▸ **EXERCISE**:
The exercise calls for exact output of the lines between the one that contains "Coolio Featuring 40" and the end of the data, with both ends kept and pictures left out.

▸ **DATA**:
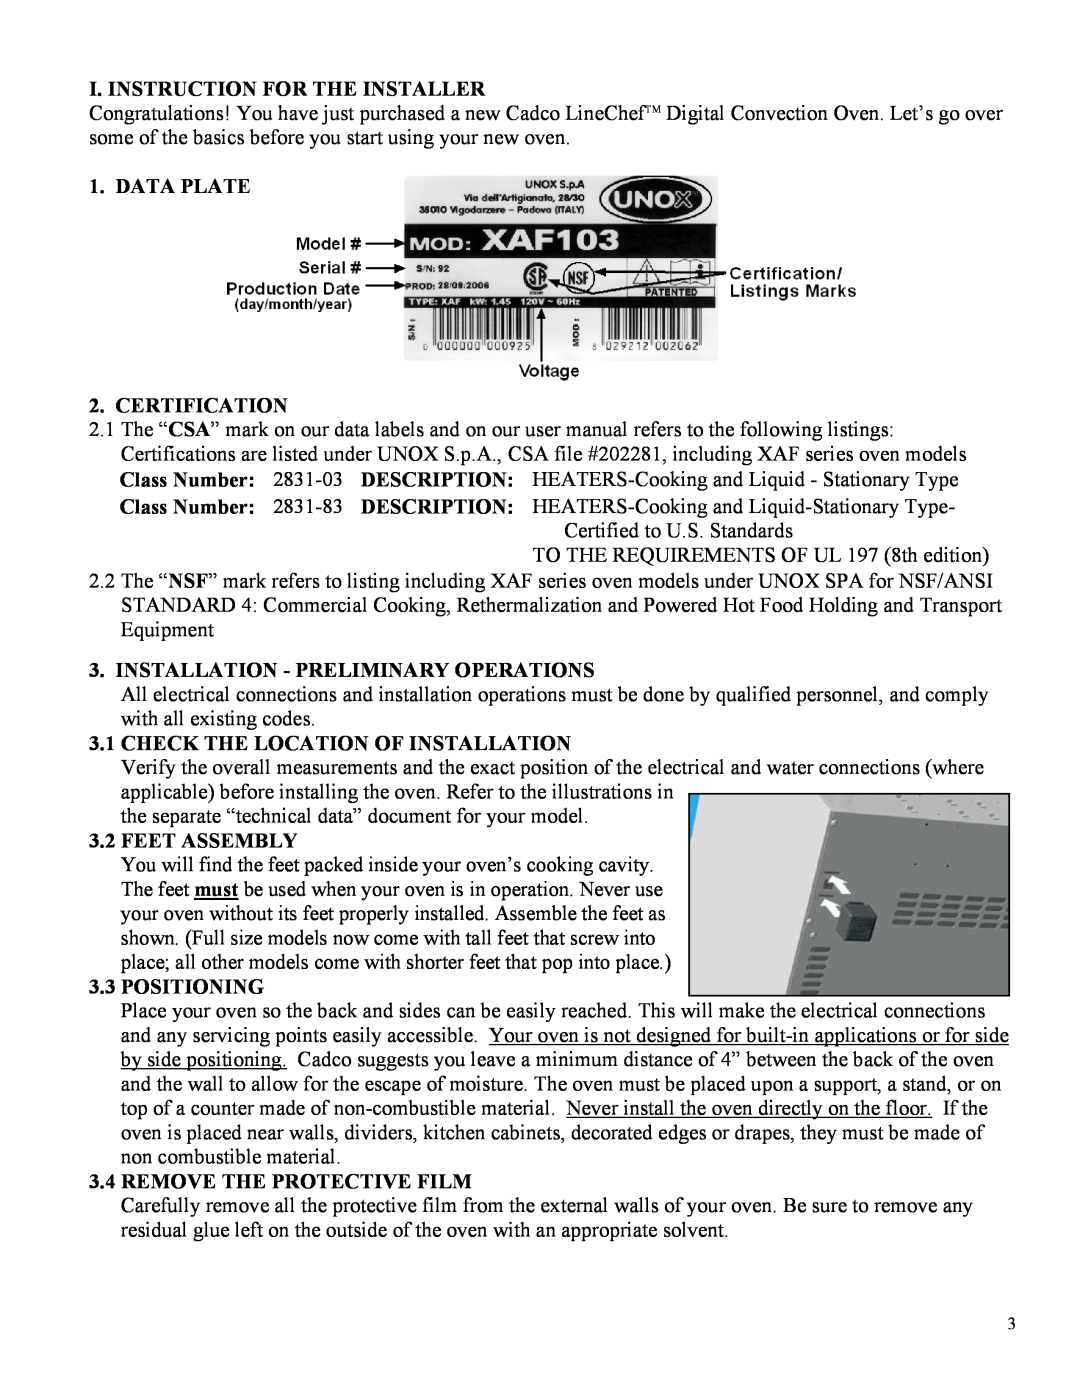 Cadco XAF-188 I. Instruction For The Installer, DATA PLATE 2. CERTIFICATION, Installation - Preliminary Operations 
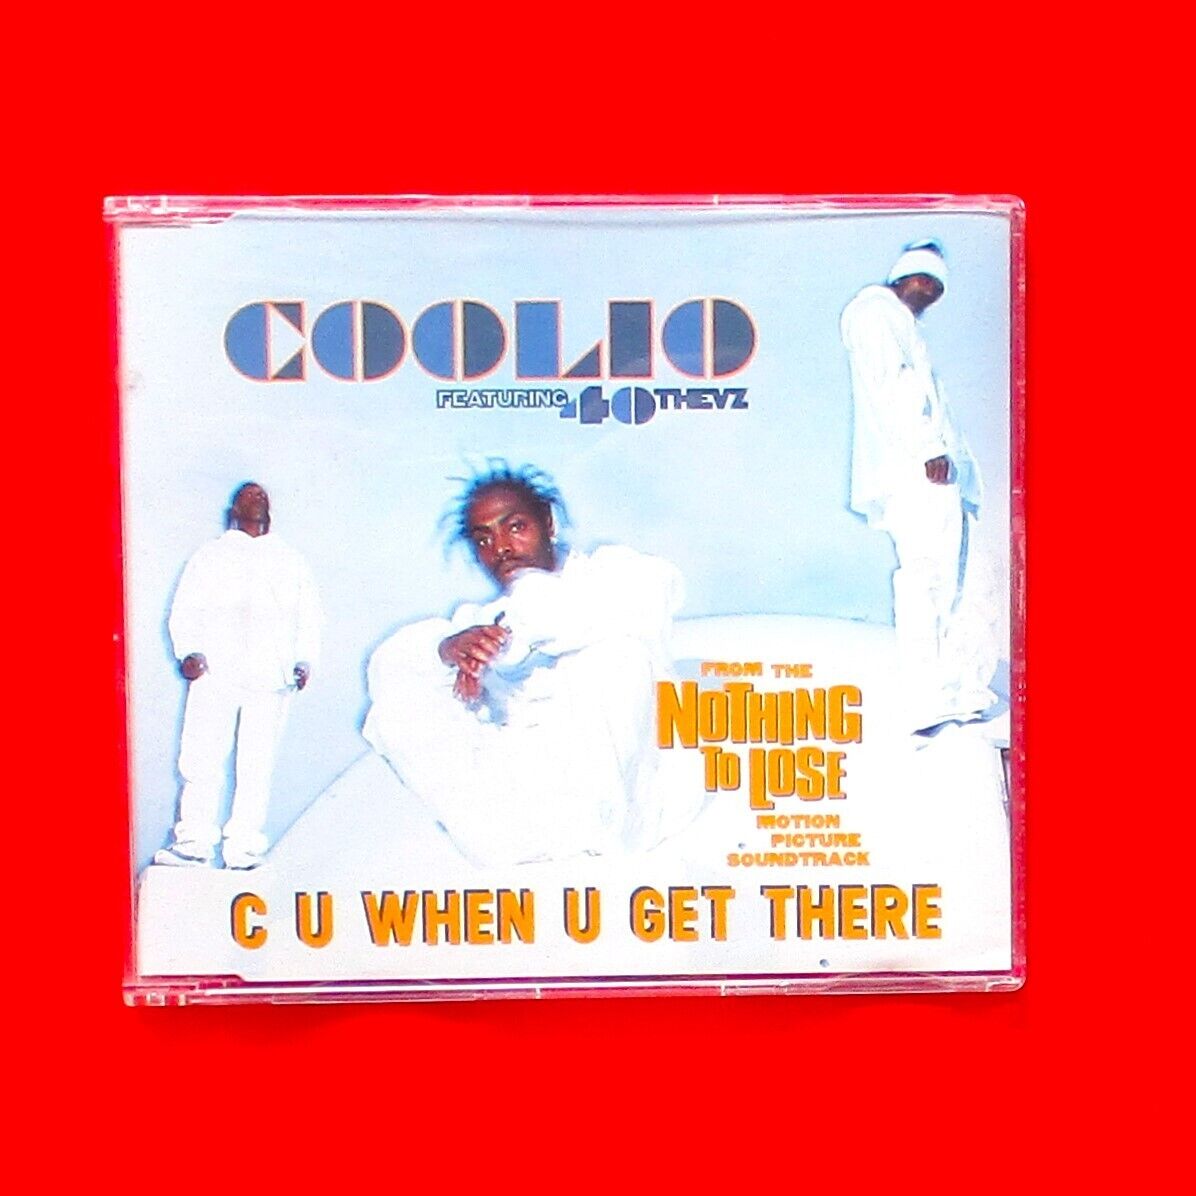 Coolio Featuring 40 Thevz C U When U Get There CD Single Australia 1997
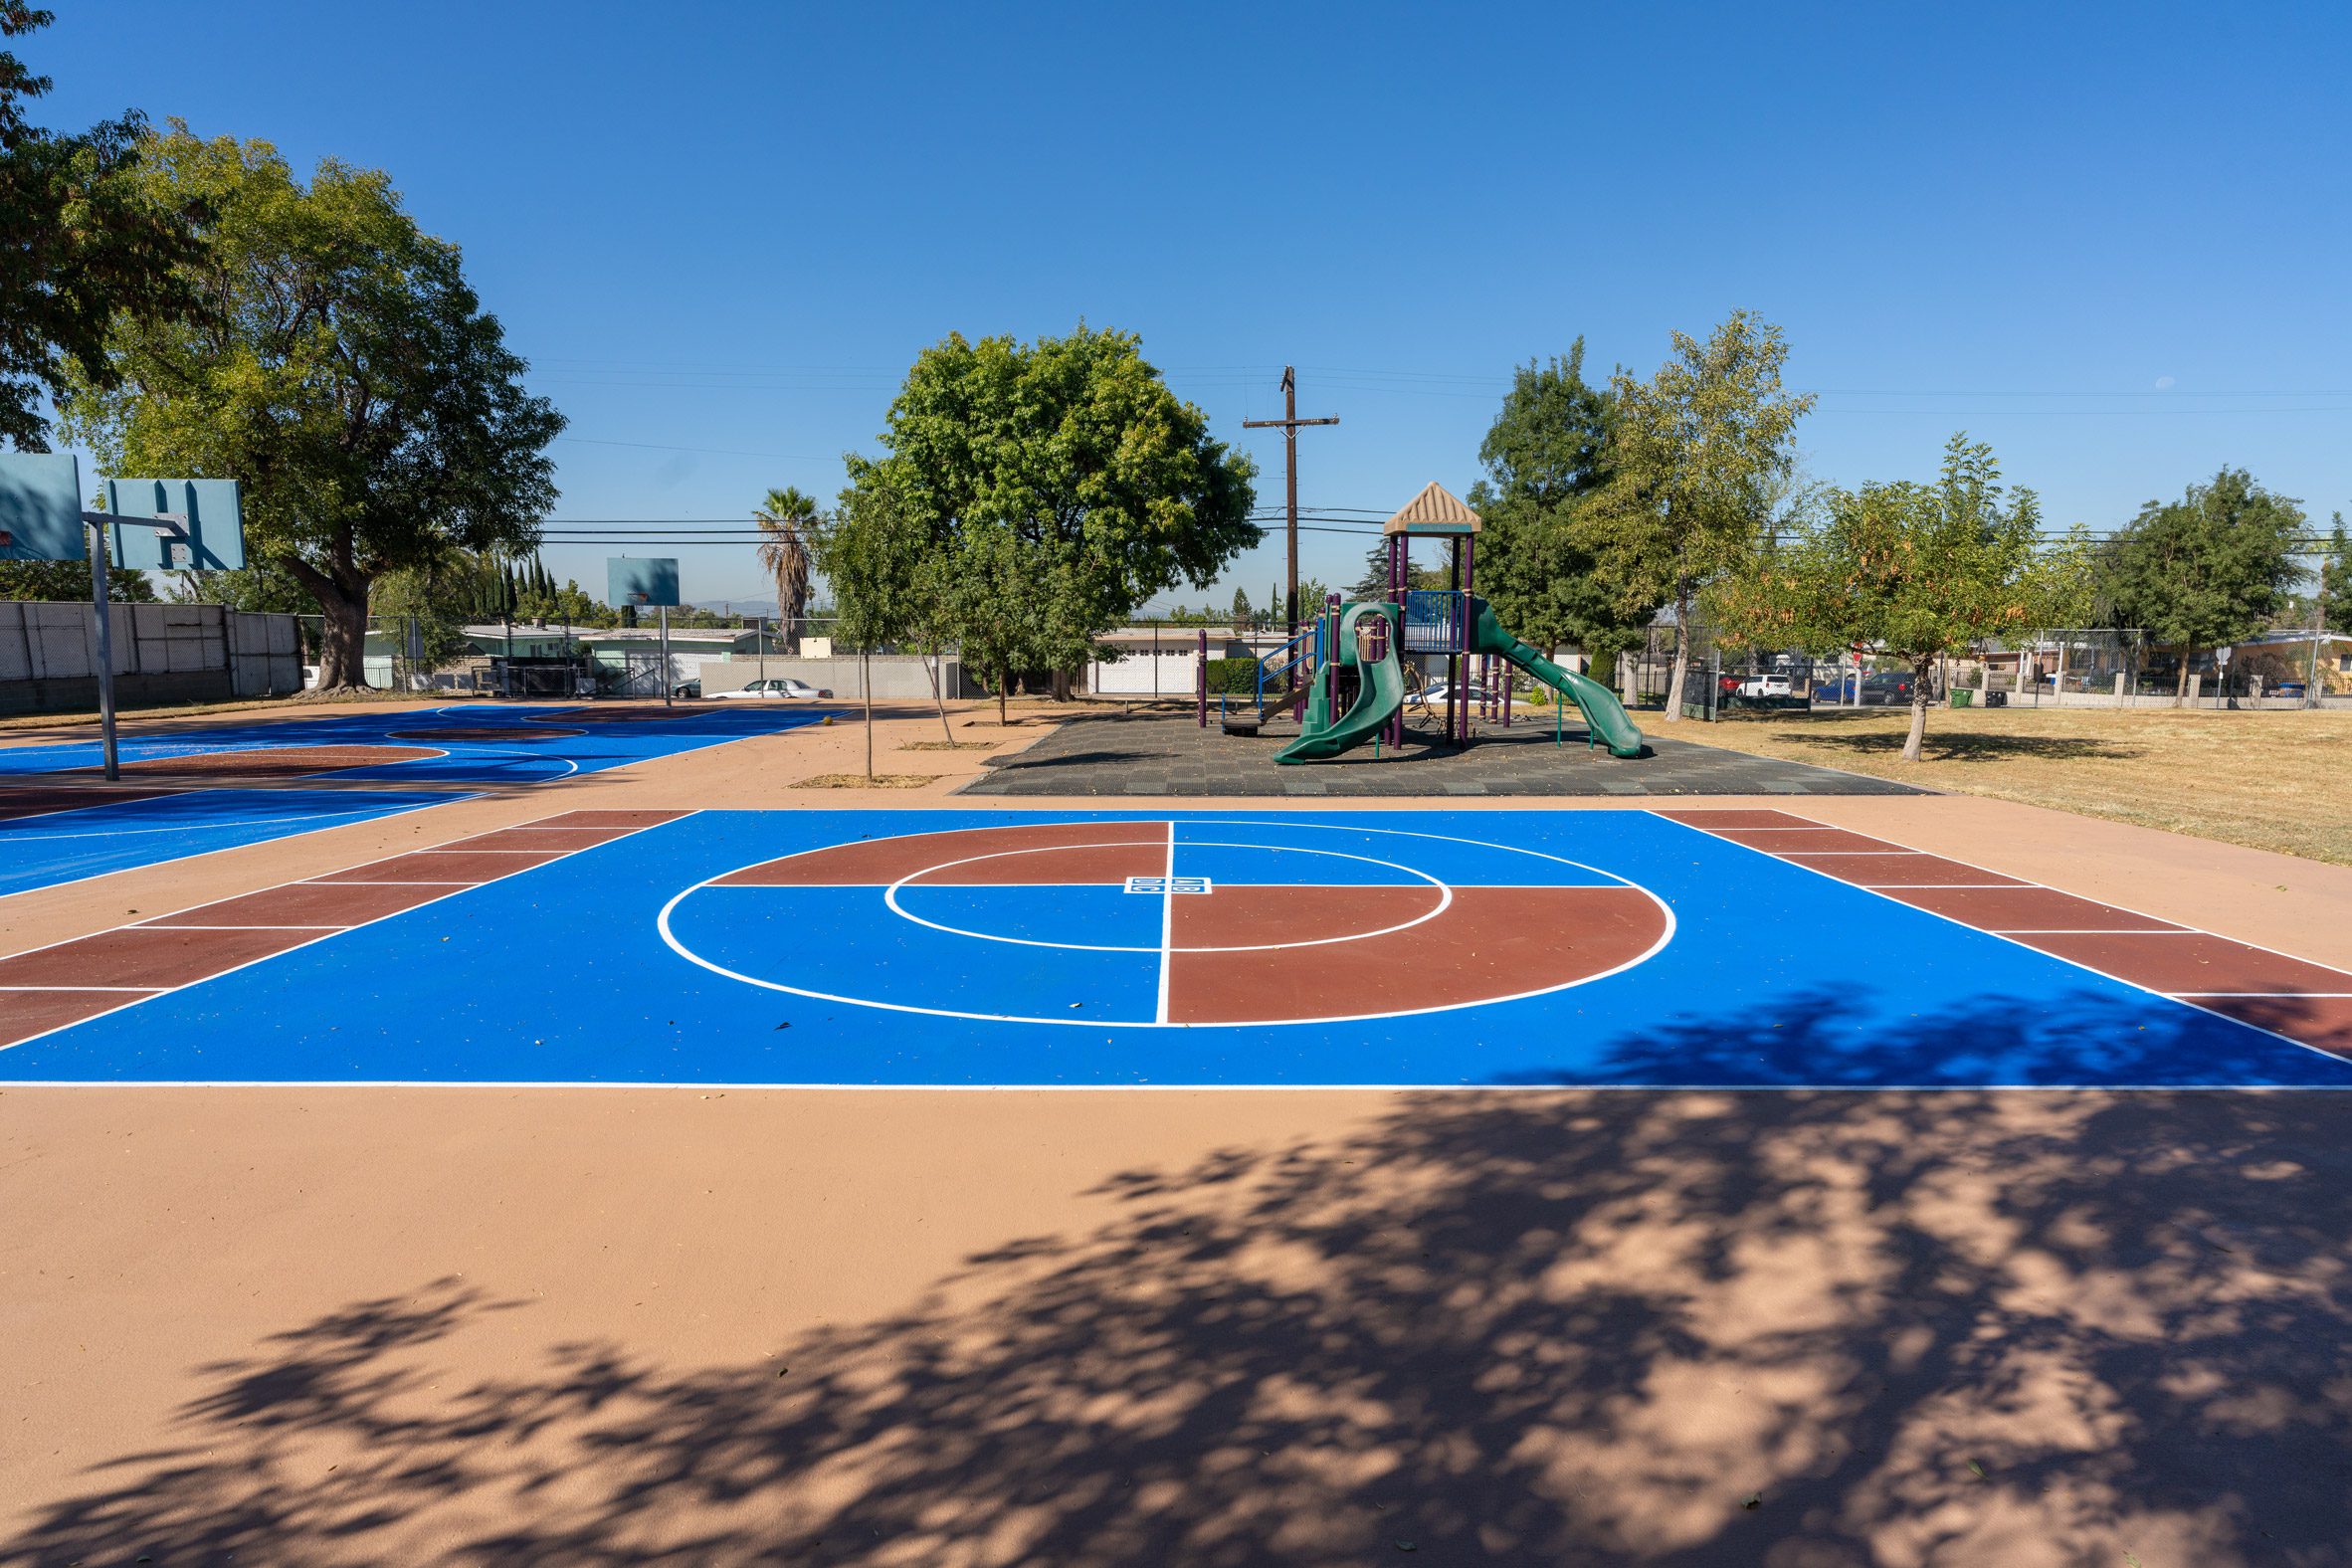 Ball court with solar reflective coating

▸ **REPLY TO THE TASK**:
 Coolio Featuring 40 Thevz C U When U Get There CD Single Australia 1997
 Ball court with solar reflective coating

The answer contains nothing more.